## Problem to solve:
Would you retype the whole listing exactly, leaving its pictures out?

## Provided data:
--
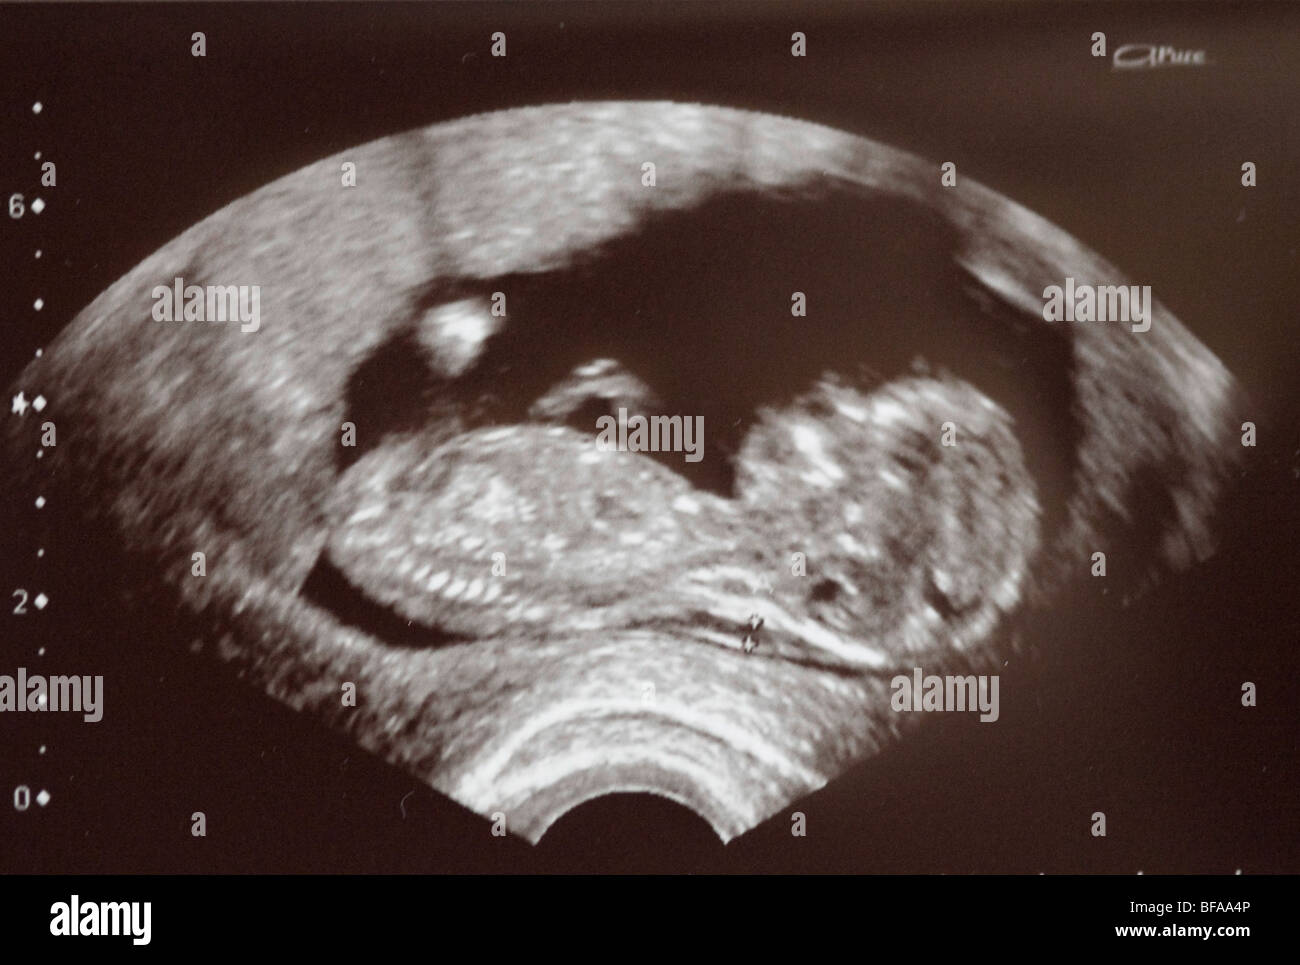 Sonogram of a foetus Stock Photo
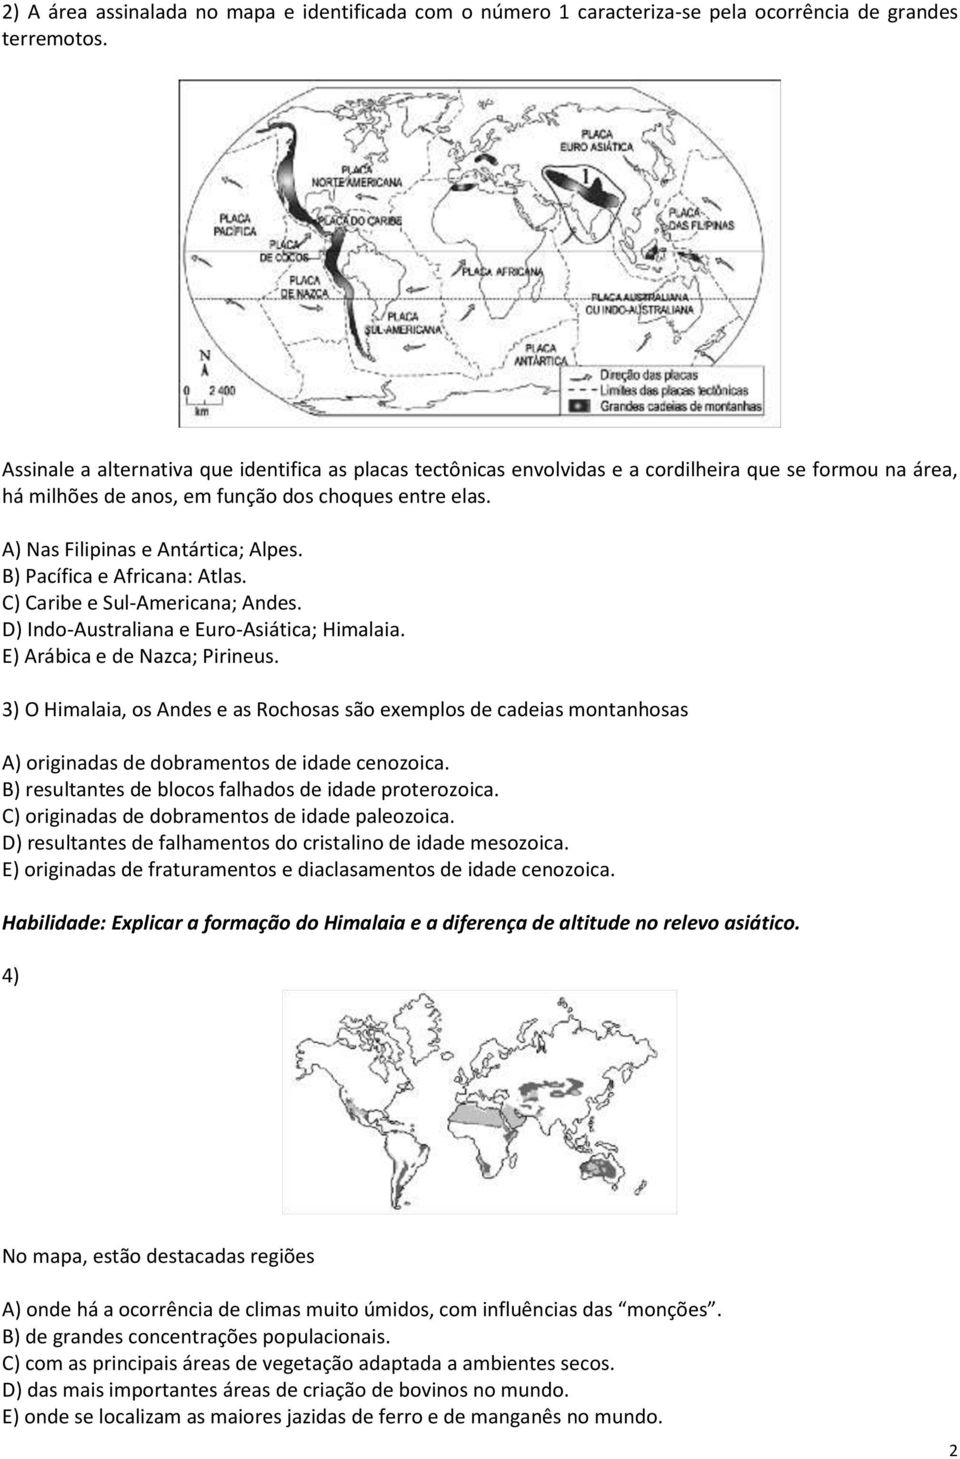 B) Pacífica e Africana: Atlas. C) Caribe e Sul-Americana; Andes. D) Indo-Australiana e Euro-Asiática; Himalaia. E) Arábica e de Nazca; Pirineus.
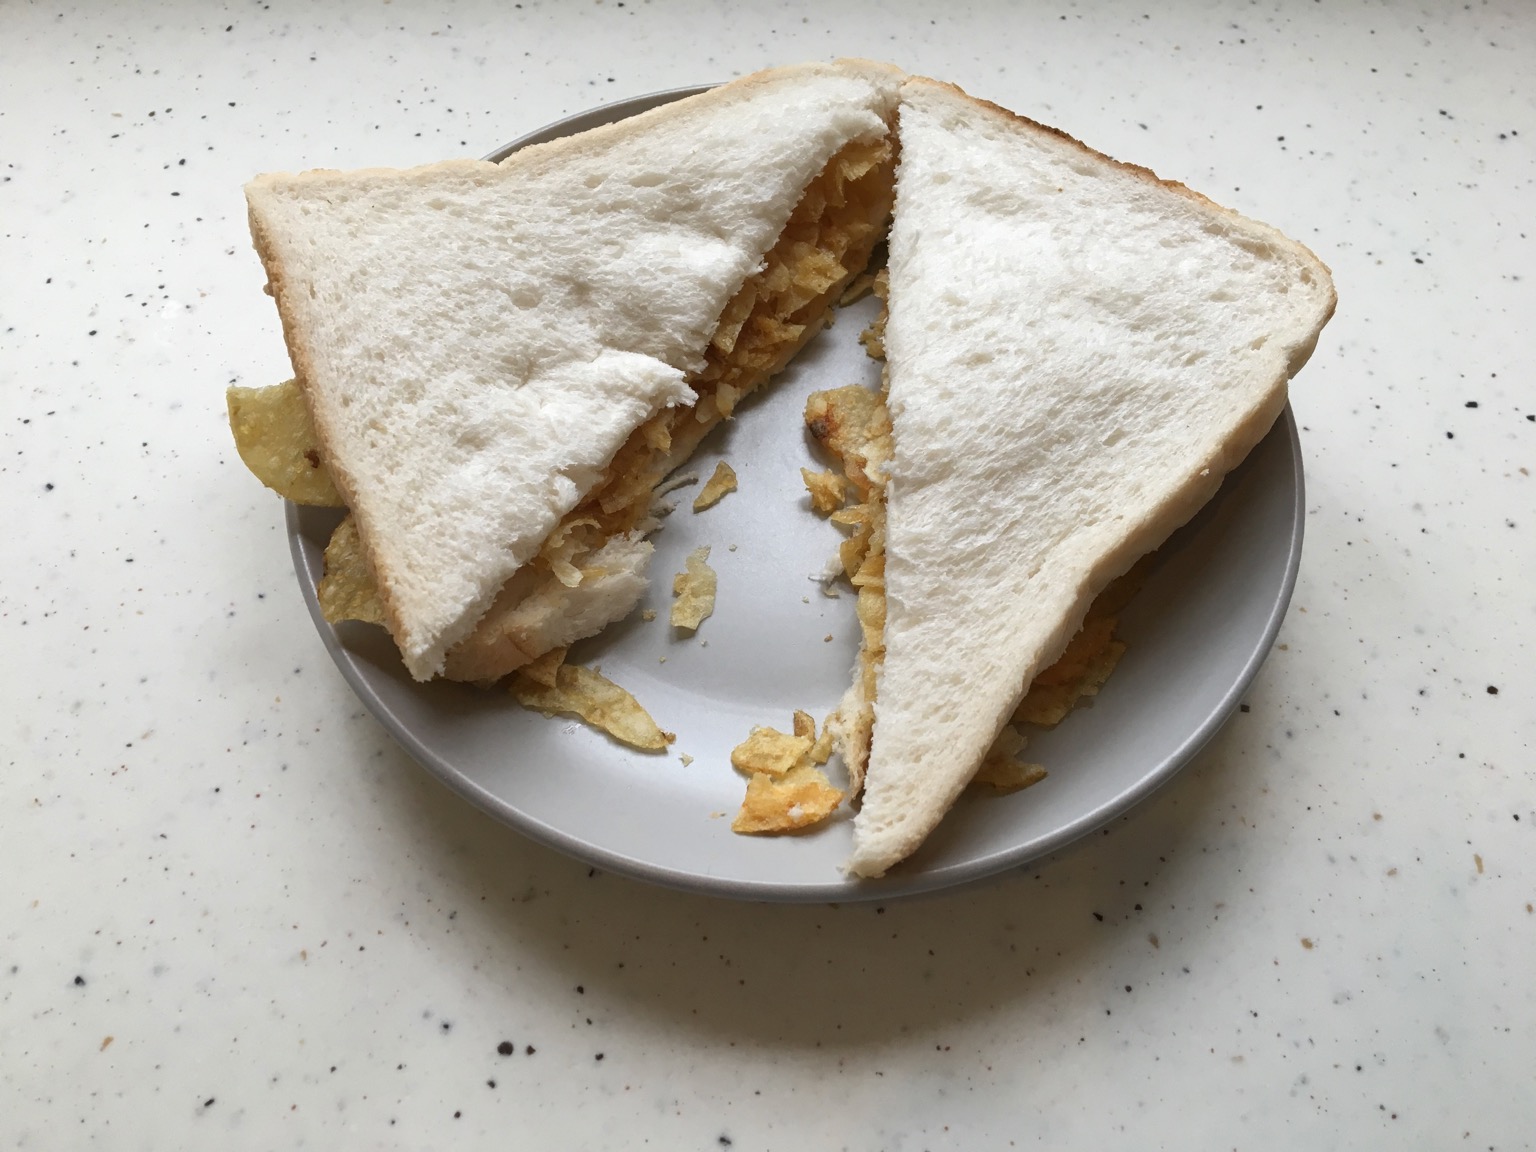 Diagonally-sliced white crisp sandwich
--
## Problem solution:
 Sonogram of a foetus Stock Photo
 B) Pacífica e Africana: Atlas. C) Caribe e Sul-Americana; Andes. D) Indo-Australiana e Euro-Asiática; Himalaia. E) Arábica e de Nazca; Pirineus.
 Diagonally-sliced white crisp sandwich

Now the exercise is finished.